HASTINGS, CA – Jenny Pasternak, an ICU nurse, was “very worried” about her shift tonight. “I have been working as a nurse for 14 years and every day I come to work clueless, just faking it,” Jenny said. “It was such a relief tonight because as soon as I entered the room, I was directed on nursing care by a well-informed family member in the room.”
“You need to be checking her blood pressure on her right arm,” the family member told RN Pasternak.
“Why is that?” Jenny mistakenly questioned. “Does she have an AV fistula on the left, or a previous mastectomy?”
“No, because she’s right handed; that is where the blood pressure is at,” remarked the educated family member who didn’t buy all Jenny’s big medical jargon talk.
“You shouldn’t give her normal saline! She is on a low sodium diet,” the family member later instructed her.
“Oh no, Mom’s flat-lining, call a Code Blue!” Jenny reacted to the outburst by simply placing the pulse oximeter back on the talking patient’s finger.
“That was a close call!” the vigilant family member said while holding her hand over her mouth. “Good thing I was here to notice it. What would this hospital do without me here to notice and watch my relative?”
When speaking about the patient’s ultrasound, the family member’s medical knowledge started to truly flow out. “Ah [excuse me], nurse? When Mom was having her ultrasound I saw gallstones but the radiologist said he didn’t see anything!” Jenny stared at her with utter confusion.
“I want to fire that radiologist and get a new one.

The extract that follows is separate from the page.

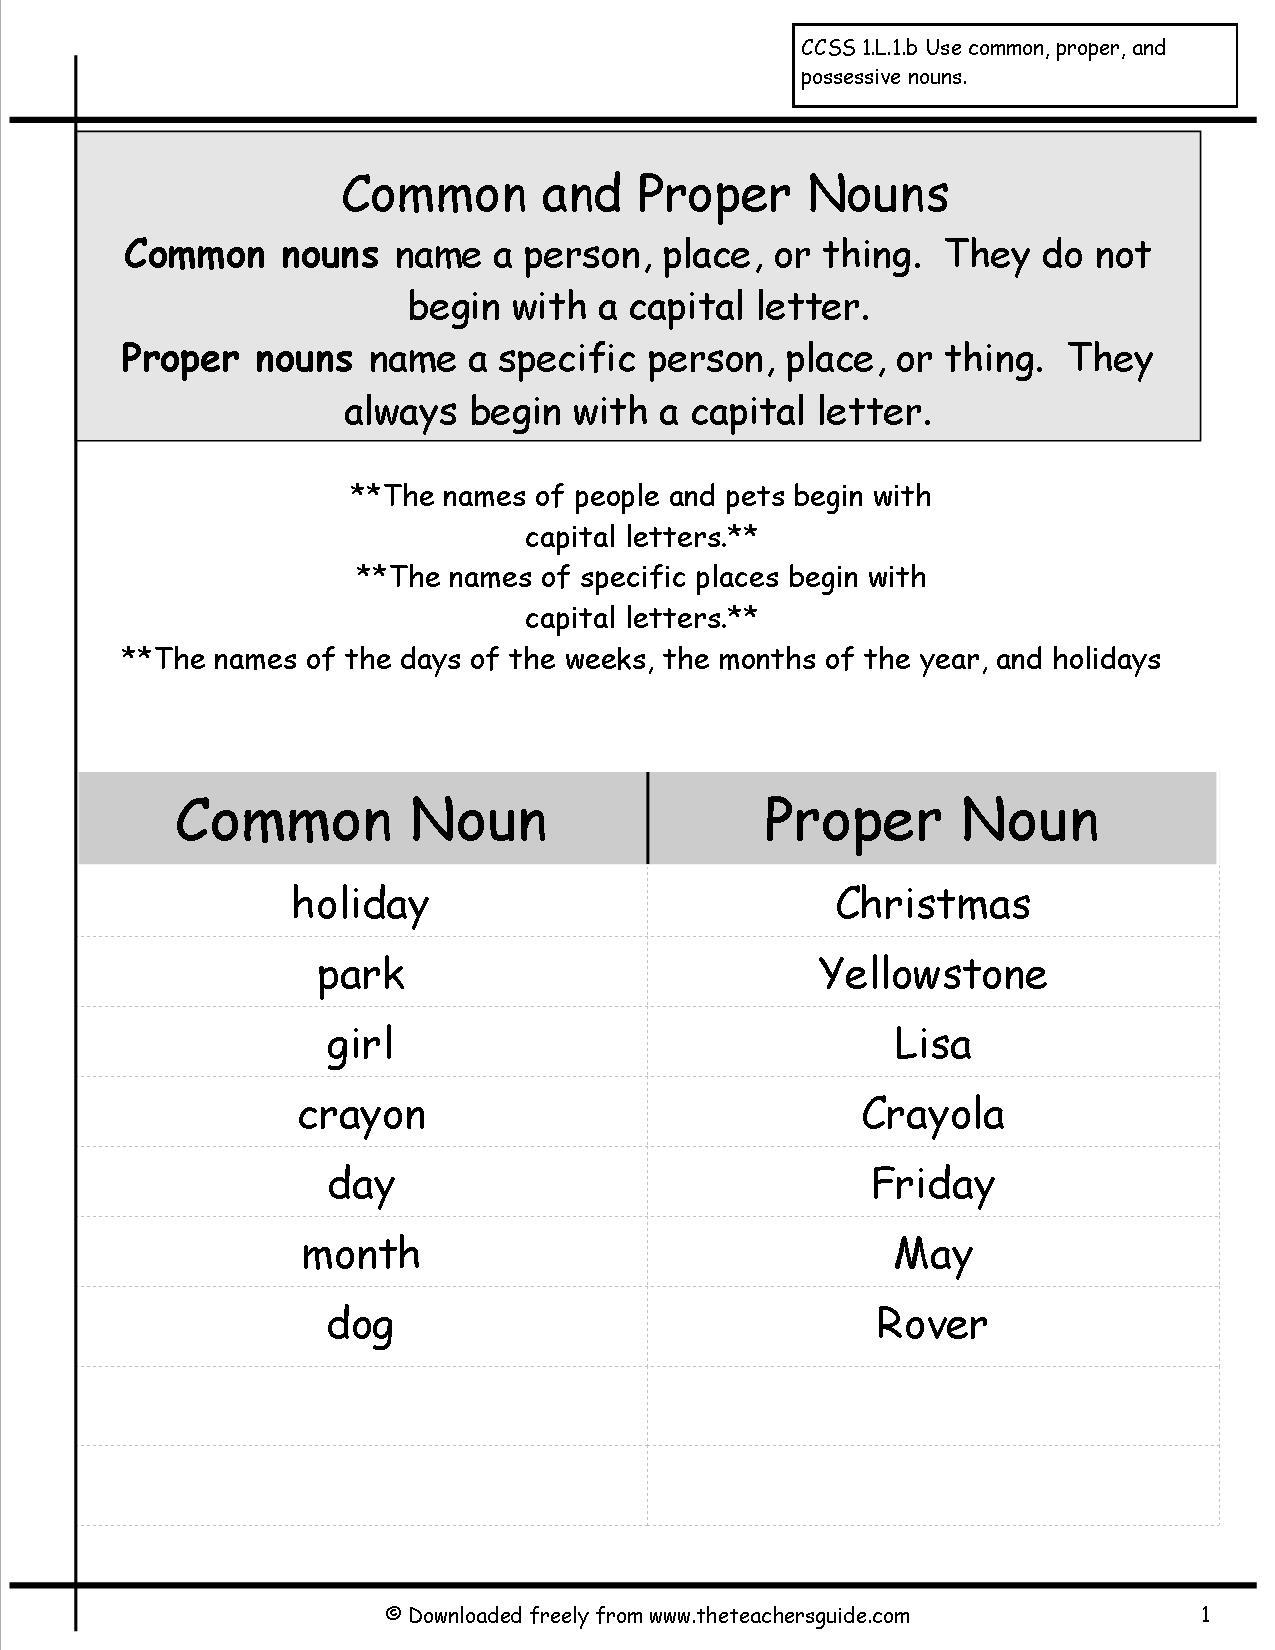 18 Best Images Of Common And Proper Noun Sort Worksheet

Have the new one look again,” demanded the ultrasonographer expert, who seemed to have a Google degree from patient doctor school in San Jose.

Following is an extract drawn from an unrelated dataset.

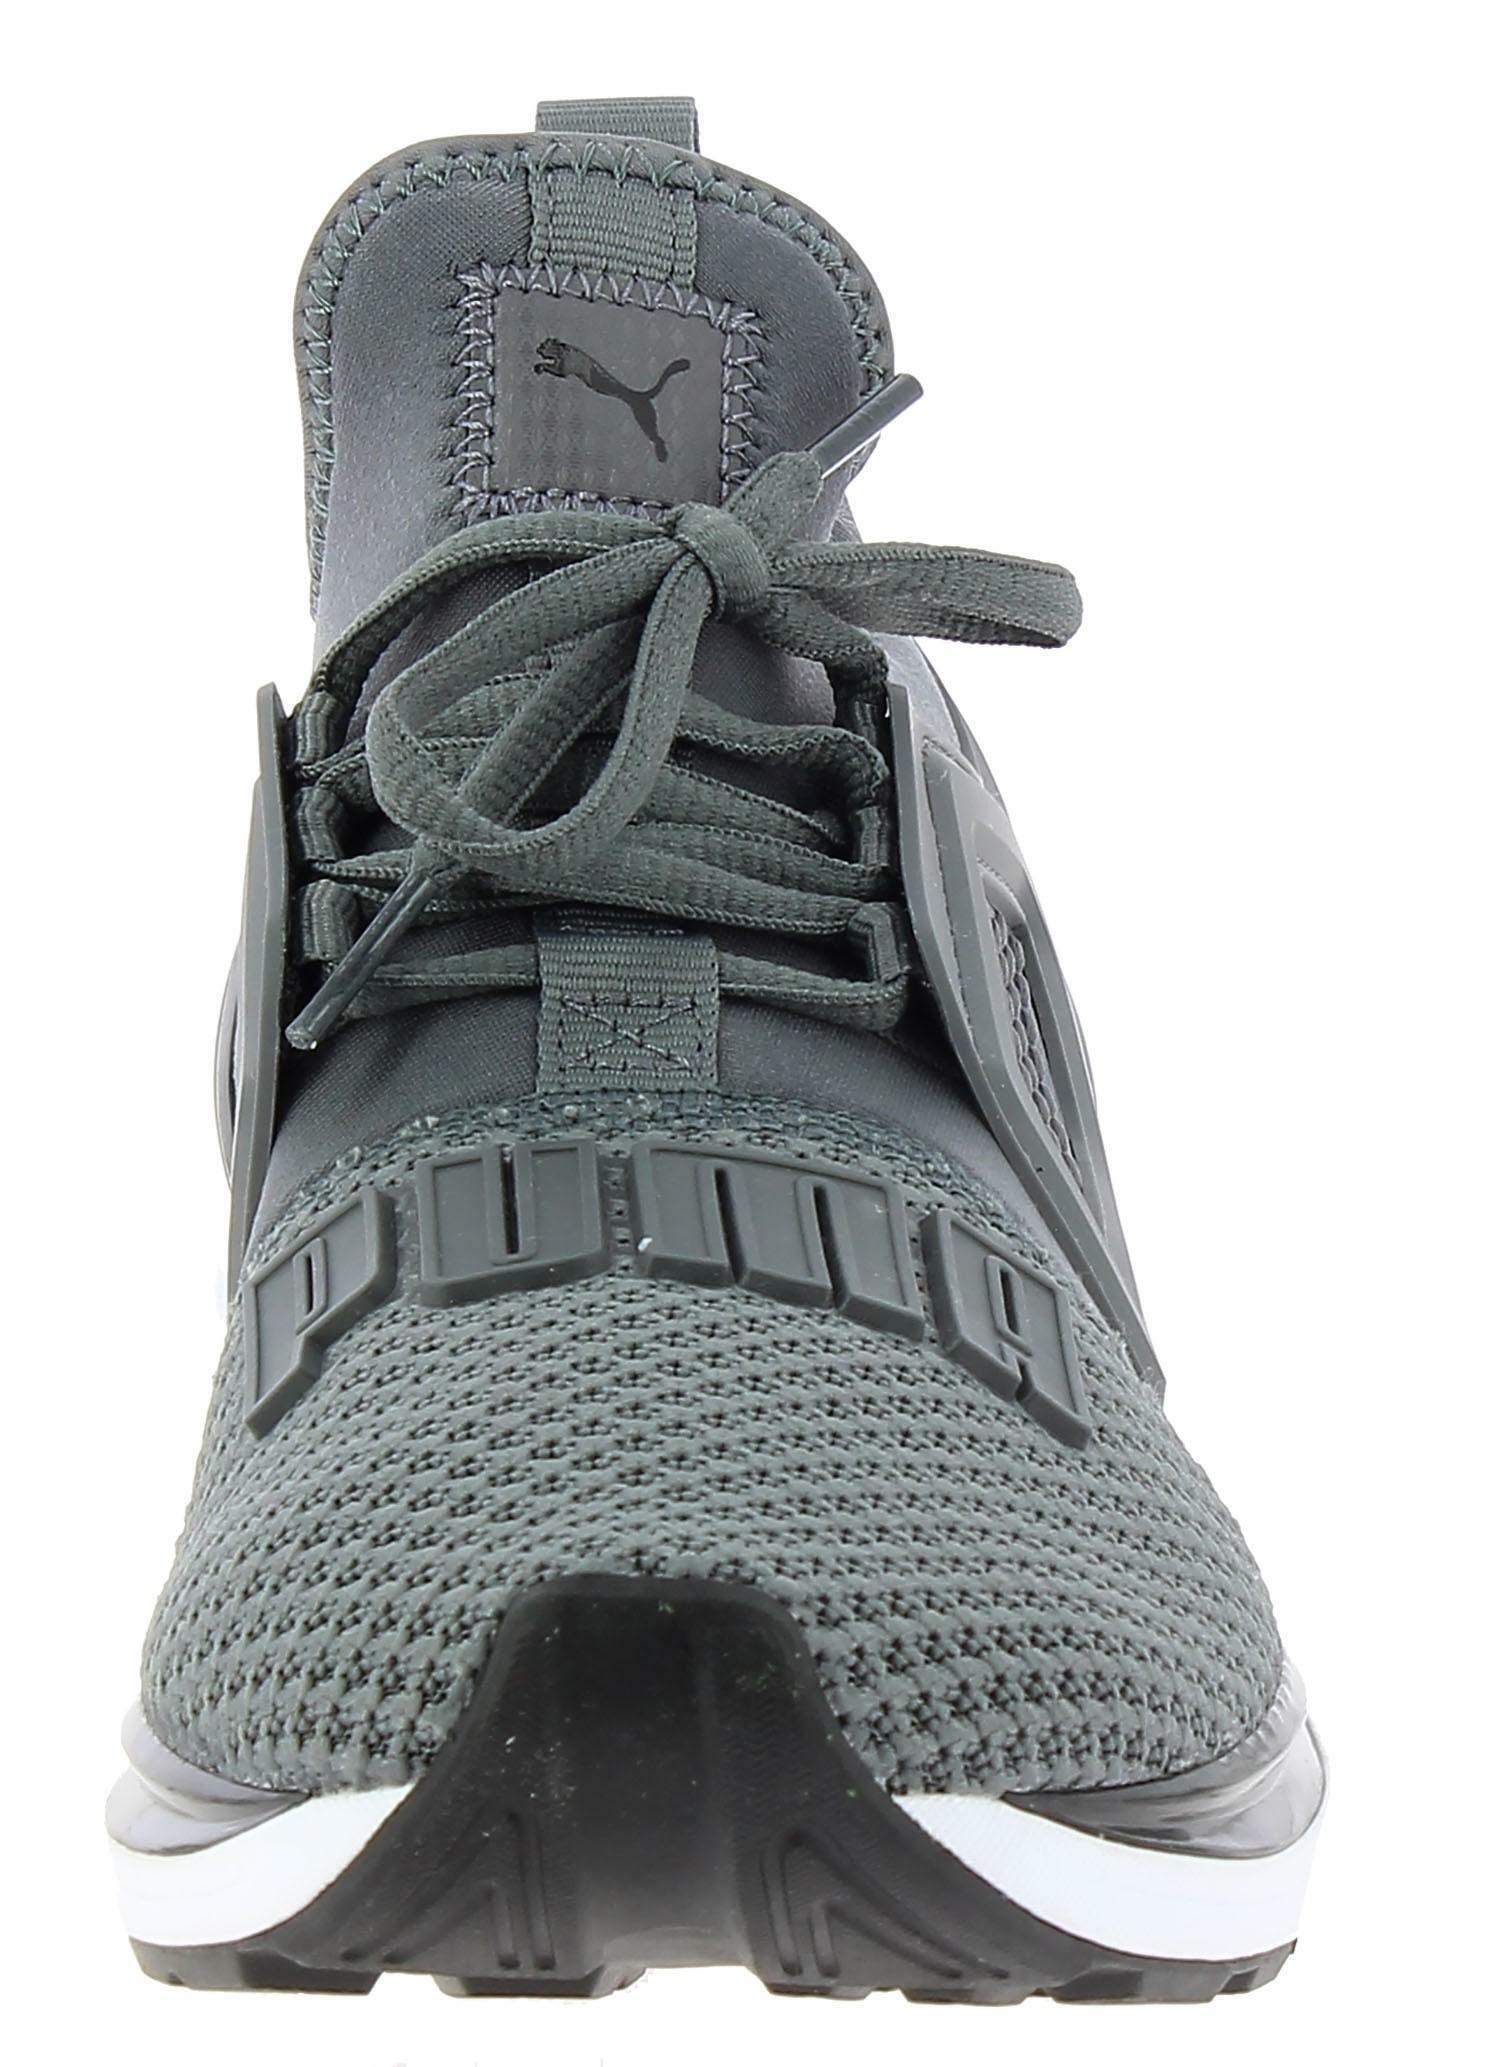 puma puma ignite limitless weave scarpe sportive uomo grigie 19129303

The family member also requested a more natural approach: “If she needs her gallbladder out, we want just the stones removed not the gallbladder, she wants to keep all her organs. It’s more natural.”
“Why is there an air bubble in the IV line? You know air can kill somebody. Stop that IV from flowing,” persisted the hawk-eyed family member.
Jenny was floored by this family member’s vast knowledge and just had to ask, “Are you in health care or something?”
“No, but my aunt is a nurse. She is a CNA in Chicago.”